* [Problem to solve]
Leaving out every picture, copy the lines of the material below exactly, from the line containing "Logo Ordre des" through the line containing "スシローカフェ部×森半コラボ".

* [Available data]
^^^^^^^^^^^^^^^^
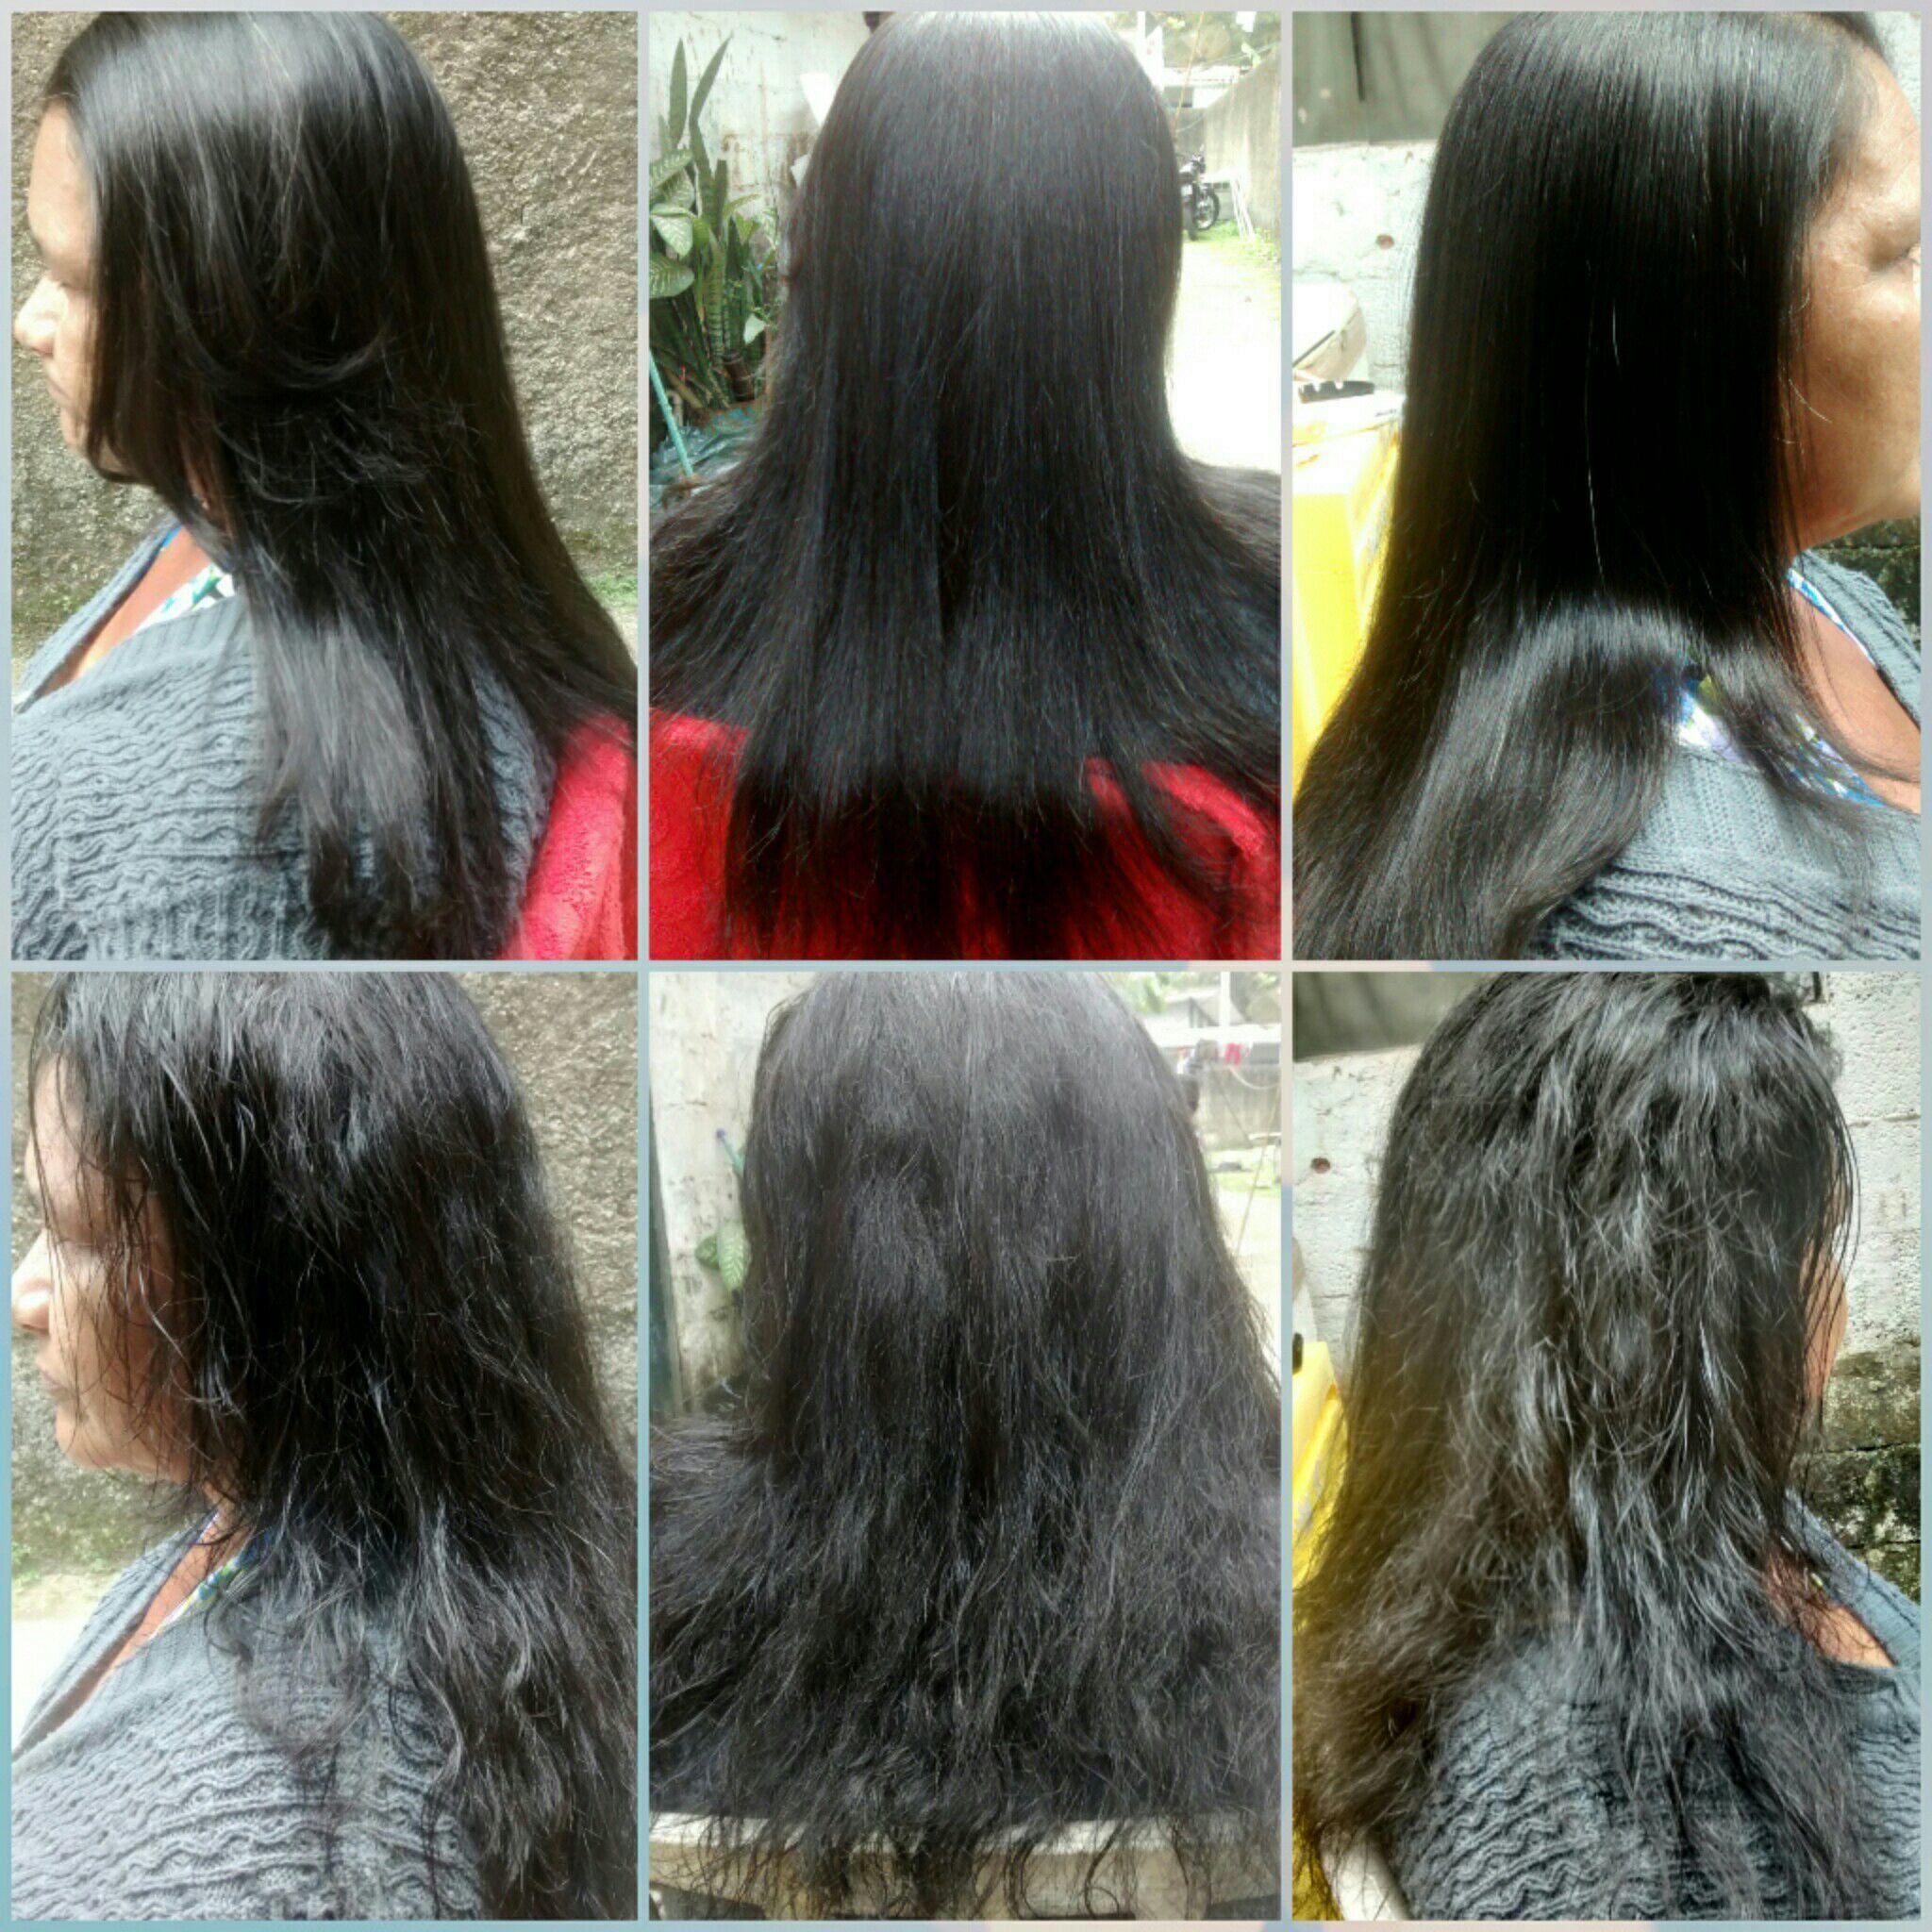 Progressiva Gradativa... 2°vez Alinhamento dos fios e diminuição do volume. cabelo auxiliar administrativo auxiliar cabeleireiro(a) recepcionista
^^^^^^^^^^^^^^^^
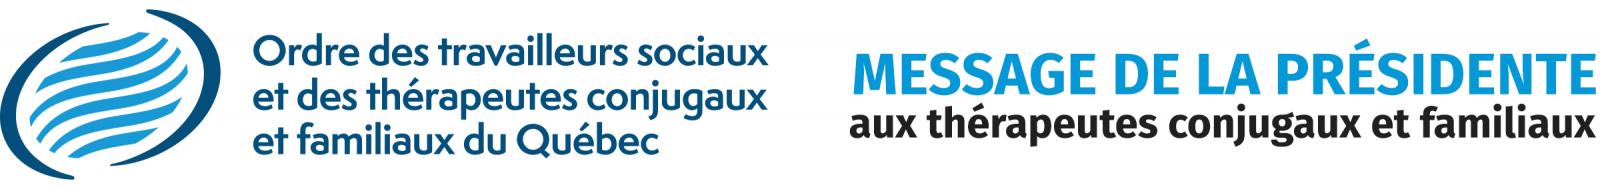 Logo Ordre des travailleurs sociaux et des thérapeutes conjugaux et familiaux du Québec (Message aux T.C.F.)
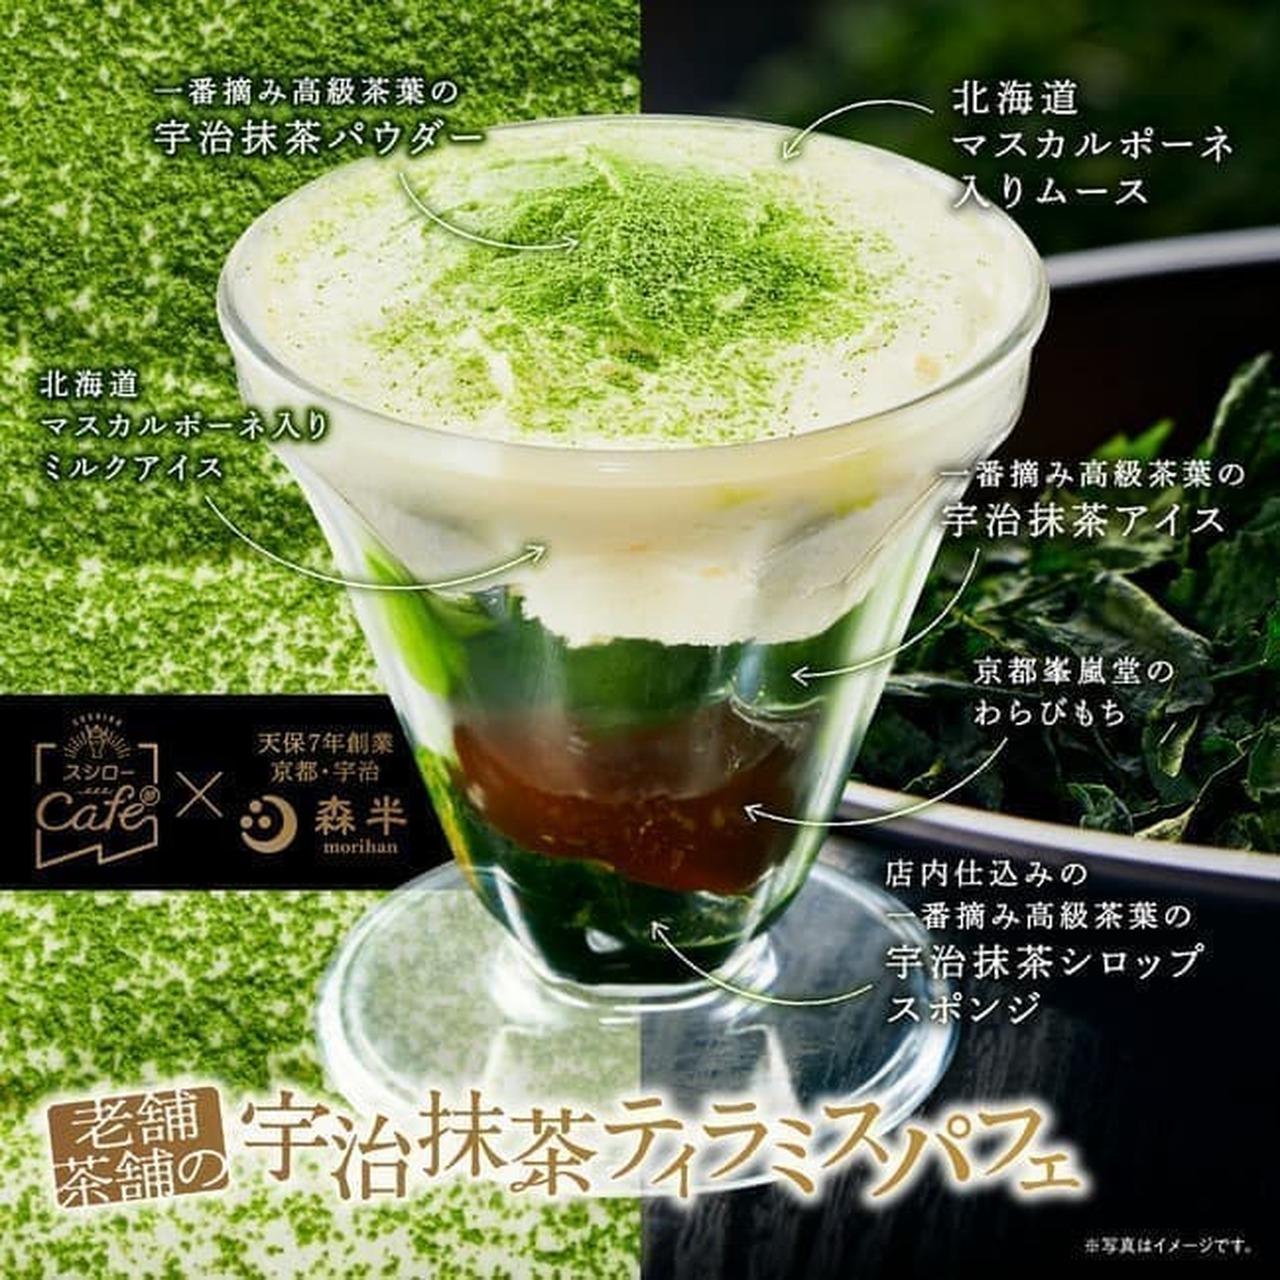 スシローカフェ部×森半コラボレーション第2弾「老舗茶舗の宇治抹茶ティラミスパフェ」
^^^^^^^^^^^^^^^^
* [Task response]
 Logo Ordre des travailleurs sociaux et des thérapeutes conjugaux et familiaux du Québec (Message aux T.C.F.)
 スシローカフェ部×森半コラボレーション第2弾「老舗茶舗の宇治抹茶ティラミスパフェ」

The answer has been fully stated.